C The neural states of a mixed group of 100*3 model neurons, as in B. The explained variance of the first three principal components were 48.4%, 44.2%, and 3.1%.
D Quantification of the difference between neural-state ellipses in four simulated groups and a real dataset (monkey C, n=95). Rotational angle is the angular differences in the first two neural state. Tilting angle is the relative angle of the normal vector of ellipses. State shift is the root of mean squared distance between two ellipses.

The neural geometry in RNNs
A Network architecture. The network inputs consist of motor intention, target location, and GO signal. The motor intention is the two-dimensional Cartesian coordinate of the interception location, and exists fixed during MO-50ms to MO; the target location is the two-dimensional Cartesian coordinate of the moving target, and appears time-varying during the whole trial; the GO-signal is a step function, jumping from 0 to 1 at GO. The RNN with 200 hidden units is expected to output hand velocity in two-dimensional Cartesian coordinates for accurate interception.

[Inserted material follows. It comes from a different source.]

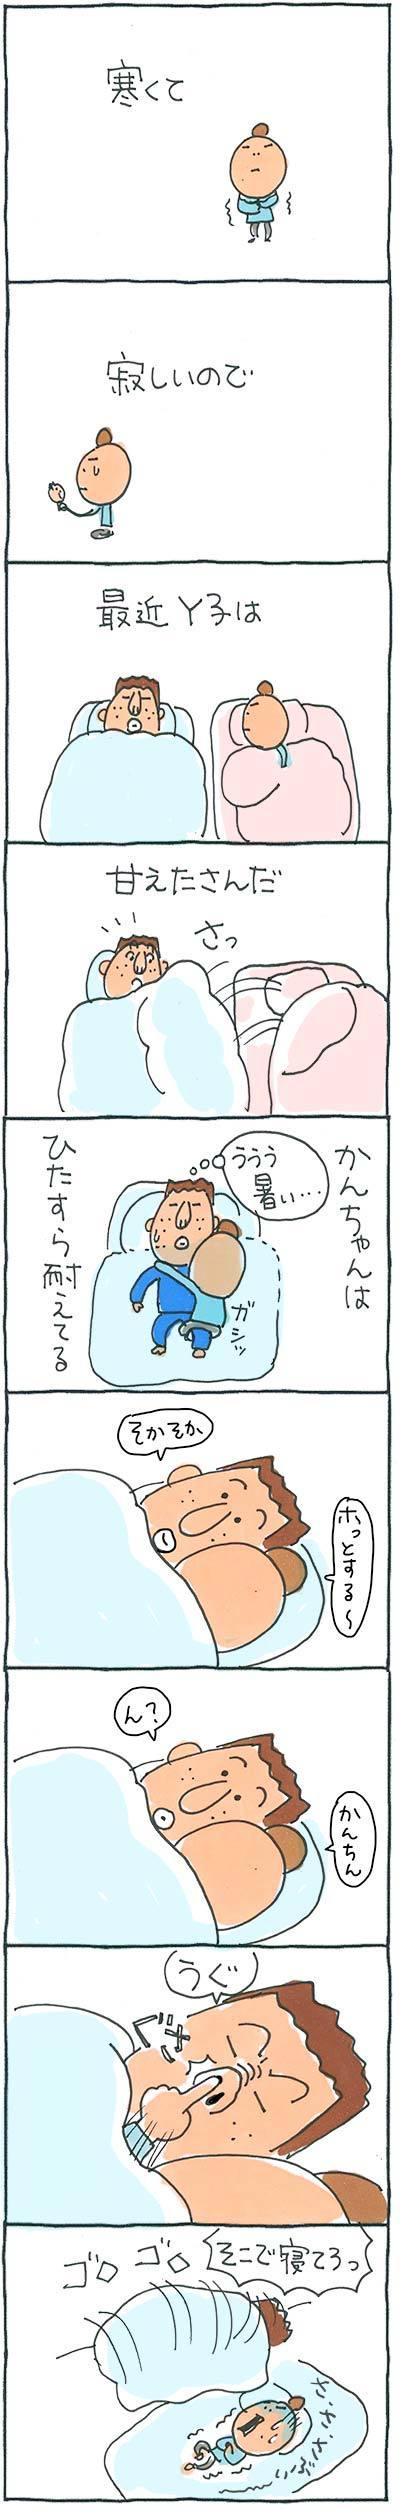 161214甘えたY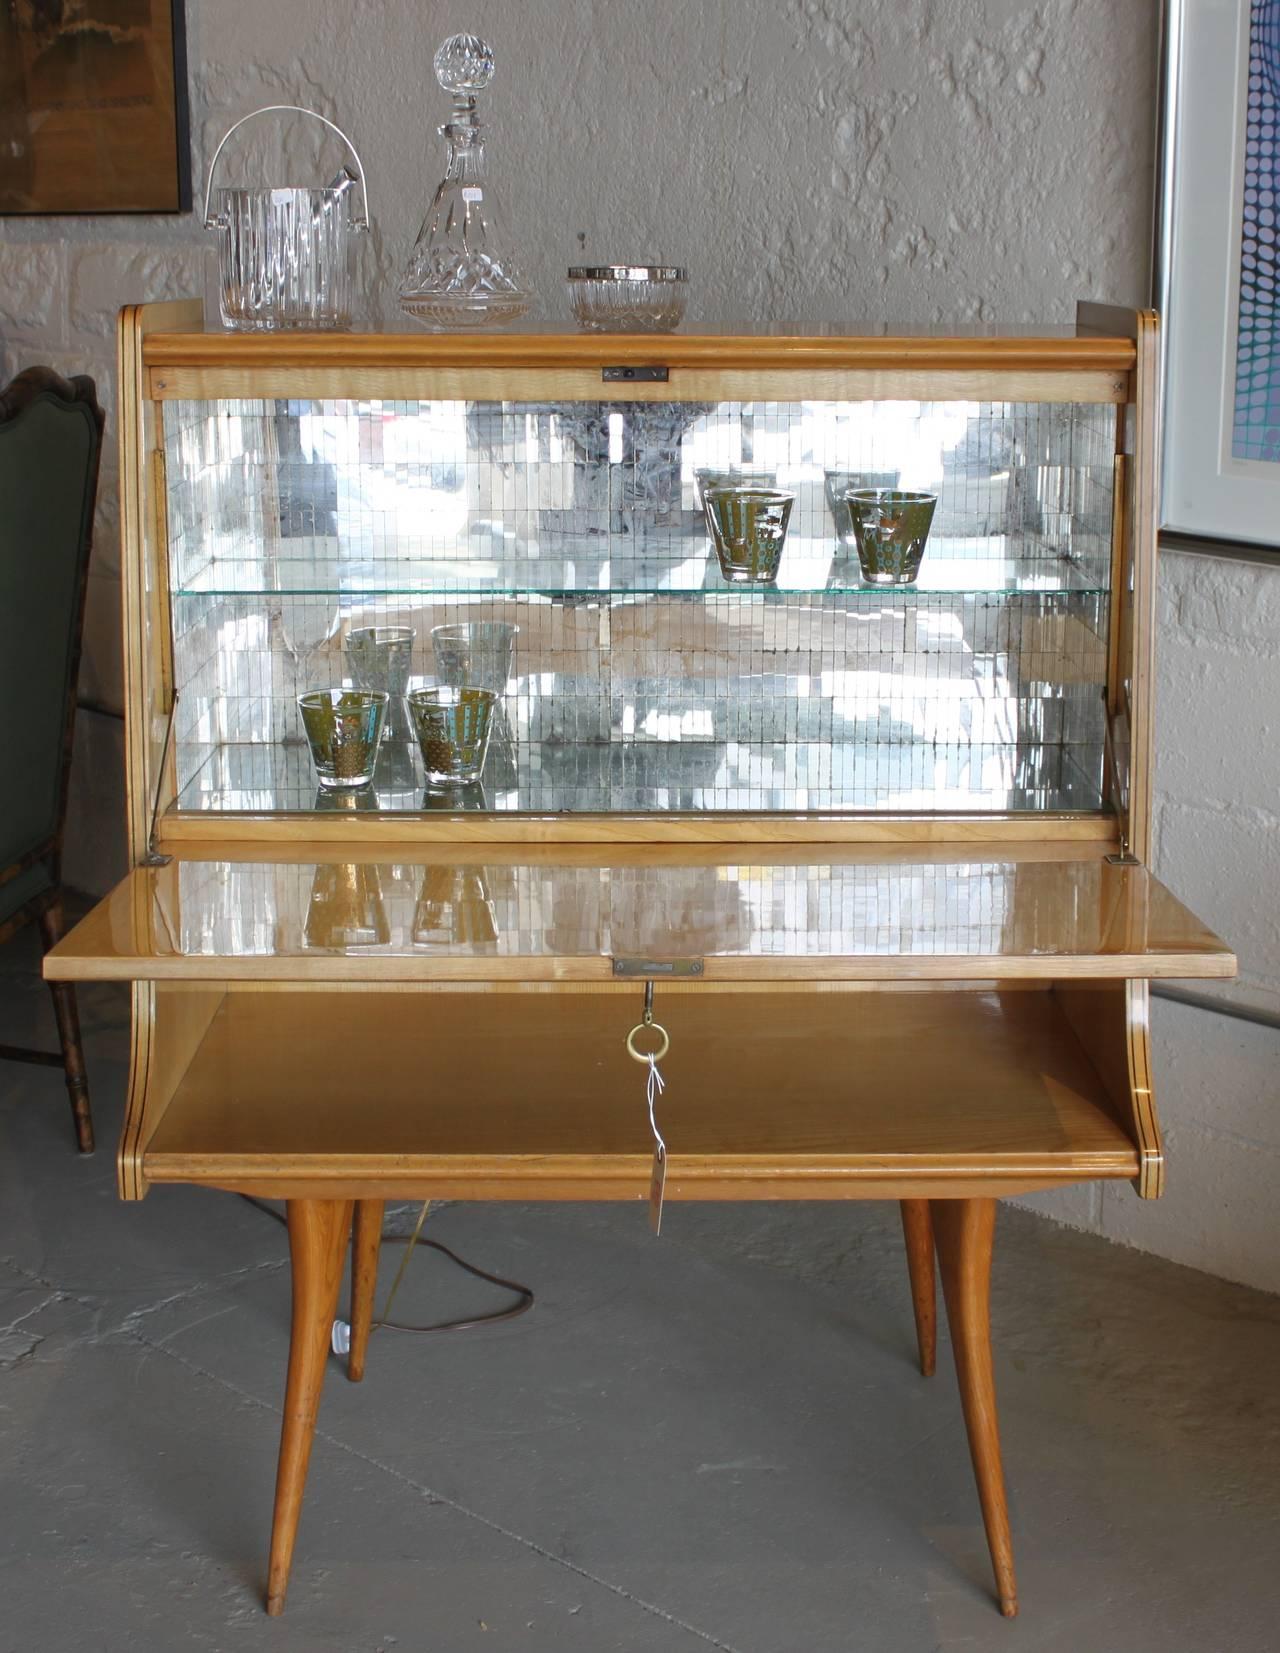 randi century wood world product style thumb img cabinet bar do market mid

B Three example nodes with PD-shift modulation, gain modulation, and additive modulation. Similar to Figure 1D.
C Three-dimensional neural state of node activity obtained by PCA, colored according to target-motion conditions (top) and reach-direction conditions (Bottom). Similar to Figure 3A.
D The tilting angle of ellipses. Similar to Figure 3D. The fitted line is θ = 0.15*vel.+0.11, R2=0.96, across five target velocities.
E The connectivity between different types of modulations. On the left is a boxplot representing the averaged absolute connection weight, across 100 models. S for PD-shift nodes, G for gain nodes, and A for additive nodes. On the right is a diagram of the connectivity, with linewidth representing the relative connection strength.